Thyroglobulin Is Markedly Elevated in 6- to 24-Month-Old Infants at Both Low and High Iodine Intakes and Suggests a Narrow Optimal Iodine Intake Range

Thyroid, Volume 29, Issue 2, Page 268-277, February 2019.


from #Head and Neck by Sfakianakis via simeraentaxei on Inoreader http://bit.ly/2GHjiHB

Correction to: Longitudinal Characterization of Autoantibodies to the Thyrotropin Receptor (TRAb) During Alemtuzumab Therapy: Evidence that TRAb May Precede Thyroid Dysfunction by Many Years by Muller I, Willis M, Healy S, Nasser T, Loveless S, Butterworth S, Zhang L, Draman MS, Taylor PN, Robertson N, Dayan CM, and Ludgate ME. Thyroid 2018;28:1682–1693. DOI: 10.1089/thy.2018.0232

Thyroid, Volume 29, Issue 2, Page 309-309, February 2019.

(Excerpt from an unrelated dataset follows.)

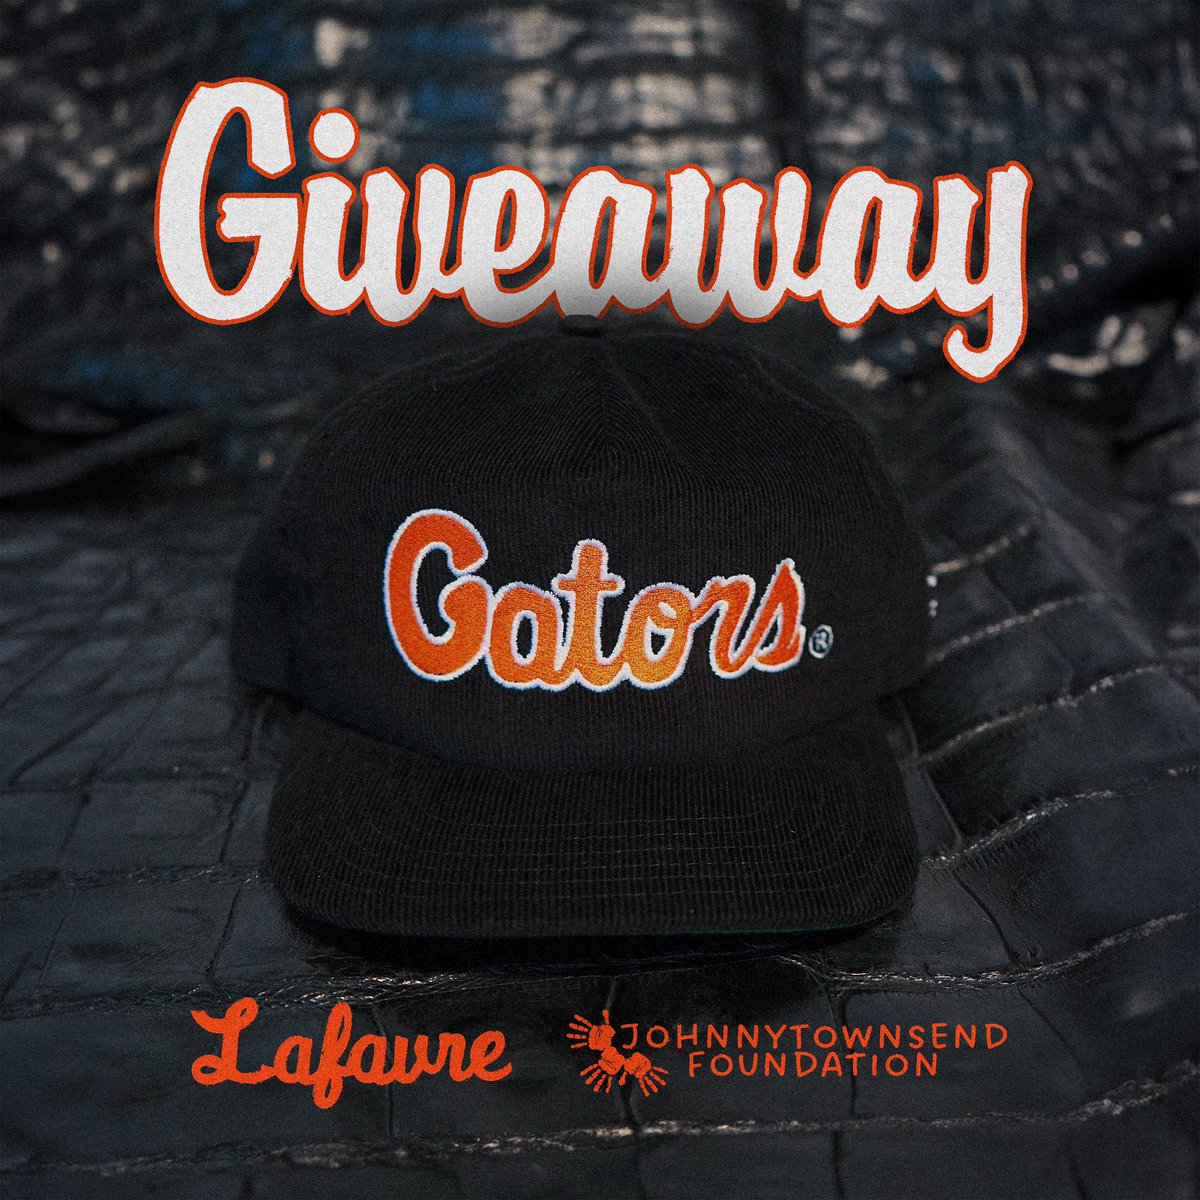 The Johnny Townsend Foundation teamed up with @Lafavreus to drop an EXCLUSIVE Gator hat, for a great cause. Going live tomorrow at 9:04am on @Lafavreus website. ONLY 75 will be dropped, 100% of proceeds benefit pediatric cancer initiatives 🙌🏼

from #Head and Neck by Sfakianakis via simeraentaxei on Inoreader http://bit.ly/2tmIUBG

Google ’s Live Transcribe and Sound Amplifier to Make Communications Easier for Deaf and Hard of Hearing

Deaf people and others who have trouble hearing are constantly finding themselves in situations in which communicating with other fellow humans is a challenge. Gesturing and writing things down on paper is simple, but slow and frustrating. Google, a part of Alphabet, is hoping to change that with a couple new tools that will be part of its Android operating system. Live Transcribe is, as the name implies, a real-time transcription app that convert's the voice of a person you're speaking to into text. It was developed with the help of Gallaudet University, a school for the deaf and hard of hearing. The app works in more seventy different languages, an impressive achievement, and it will certainly give Google a new way to be able to peek into the private lives of people around t...

MedWorm Message: Have you tried our new medical search engine? More powerful than before. Log on with your social media account. 100% free.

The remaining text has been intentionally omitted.